WordPress plugins extend the functionality of your site. They offer new additions that enhance current features add new features. View the following WordPress article for further information on installing and managing Plugins:
Checking the versions of your plugins
Make sure they are compatible with the WordPress version
It's extremely important to make sure your plugins are compatible with the version of WordPress you're using. This is something you can verify at WordPress' Plugin Directory.
Locating your WordPress version
You can find the version of WordPress you're using in your WordPress panel.
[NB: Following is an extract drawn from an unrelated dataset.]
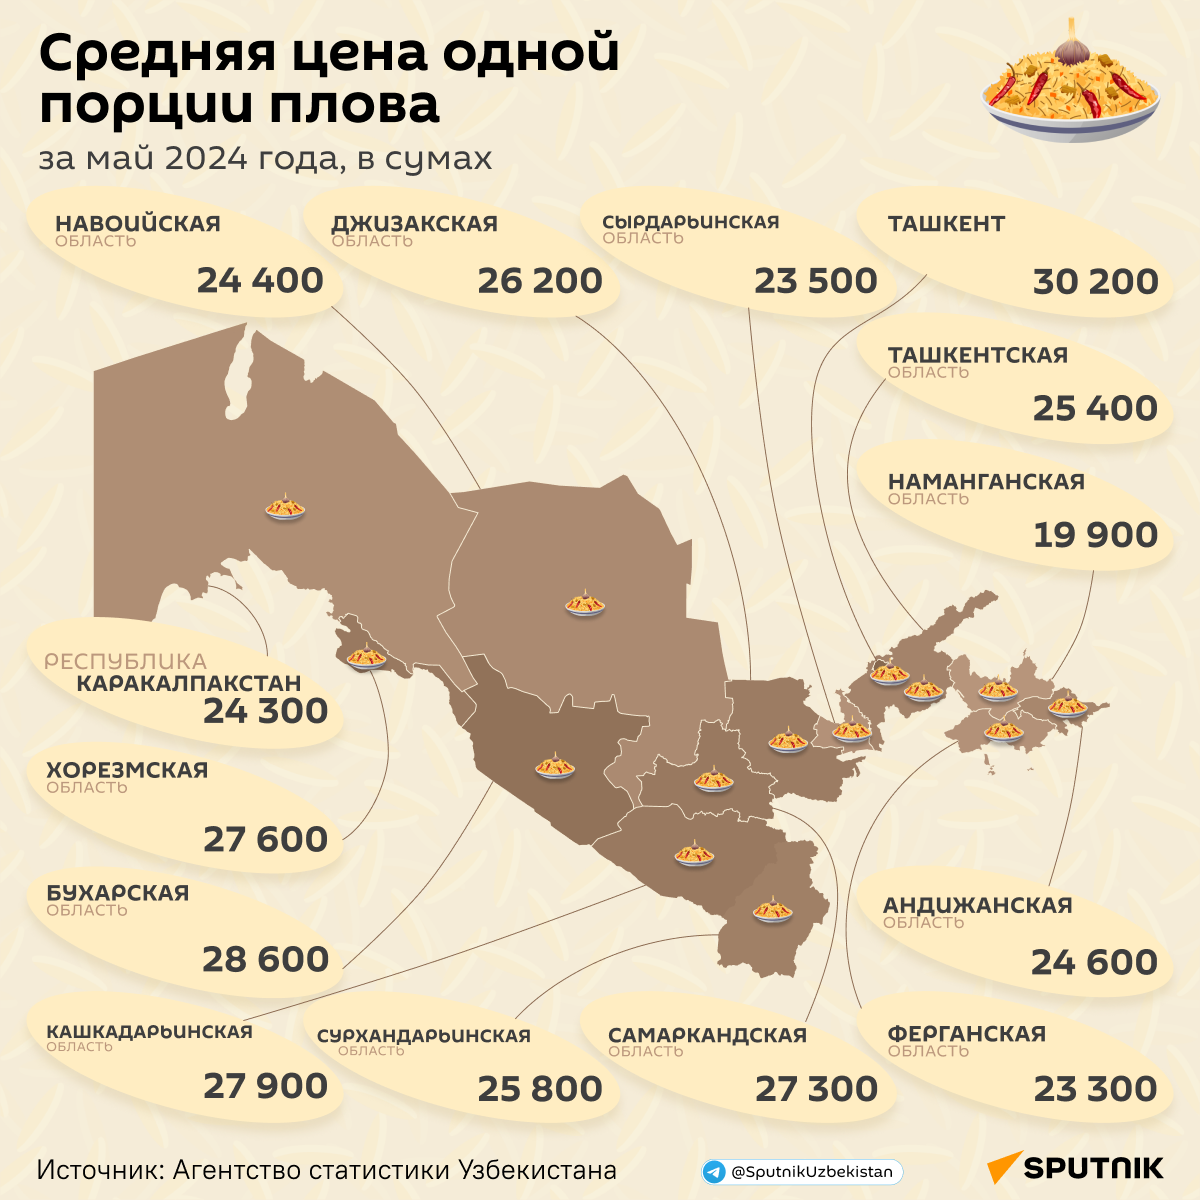 Какая средняя цена 1 порции плова  - Sputnik Узбекистан

Click 'Dashboard' on the top left.
You should also confirm that the plugins are using the most recent version. Updating your plugins can help with security issues as well as performance improvements. You can see in your WordPress panel if a plugin has an update available:
Click 'Plugins' in the left pane. You can then view all of your plugins and which ones have updates available.
As stated above, make sure the new version of the plugin is compatiable with the current version of WordPress you're using. You can usually find this information on the plugin's web page.
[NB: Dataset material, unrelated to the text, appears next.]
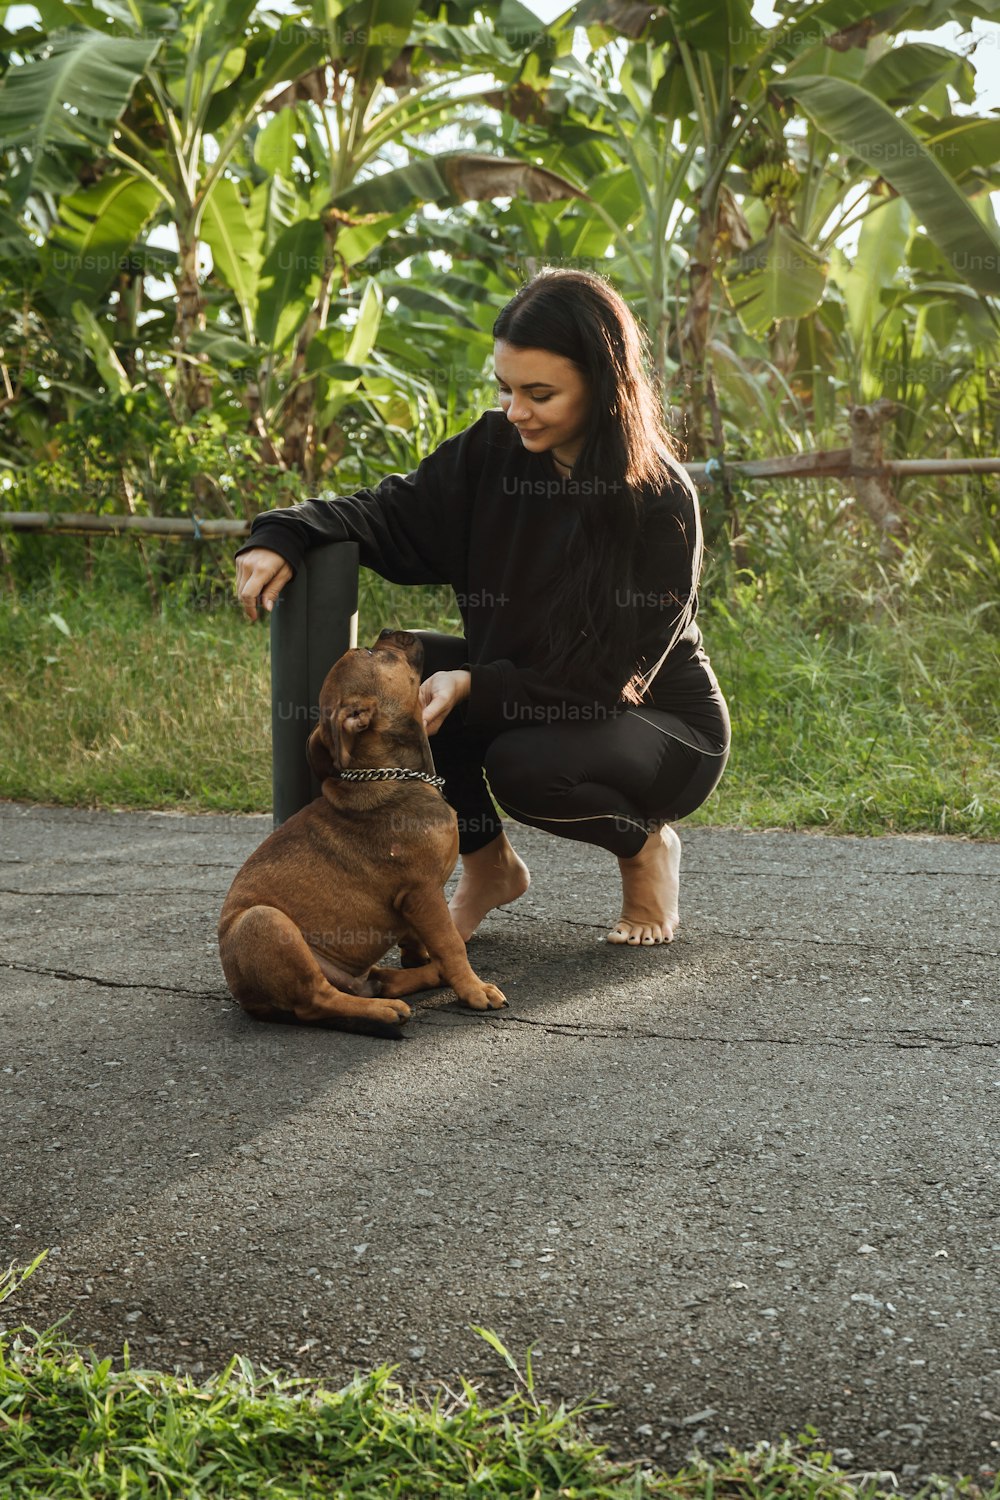 Una donna inginocchiata accanto a un cane marrone

Confirming if a plugin is compatible with your WordPress version
The example above shows an update is available for 'Akismet'. You should then check its plugin page:
On the right you can see version information.
If you are experiencing site slowness, and you want to see if it's resource-usage related (and not something on DreamHost`s end), simply disable all your plugins, and switch to the default theme.
If your WordPress installation is suddenly running faster, then it’s recommended to go through your plugins and enable them one-by-one, to see if any of them is using more resources than the others.
How to disable your plugins
The fastest way to disable plugins is by renaming the folder on the server.
- Log into your server via FTP or SSH. (This example uses Filezilla).
- Make sure you're in your WordPress site's directory.
- Navigate into the '/wp-content' directory. Here you can see the /plugins directory.
- Rename the /plugins directory to /plugins_OFF. This immediately disables all plugins.
- Test your site again to see if this helped solve your issue.
If you find your site suddenly improves, you know one of your plugins was causing the issue.
- Rename the /plugins_OFF directory back to /plugins.
- Click into the /plugins folder to view all of your plugins.
- You can now rename them one at a time to disable them. As you rename them one at a time, load your site to see if that plugin was the one causing the issue.
- Once you find out which plugin is the culprit, contact the developer directly. All WordPress.org hosted plugins and themes have a support forum.
The Jetpack plugin
The Jetpack plugin is a bit special. You might try disabling individual modules in the plugin to improve performance.
The P3 Plugin Profiler plugin is a great tool to see what plugins may be slowing your site down. It gives you a simple graphical output to quickly see which plugins are using the most resources.
While having a plugin that handles your stats (and displays them in your admin interface) is nice, they can actually inflate the database almost as quickly as unchecked spam. This means you should be cautious of using them and pay special attention to your database if you do so. Optimally, you'd use something that doesn't depend on your server environment like Google Analytics.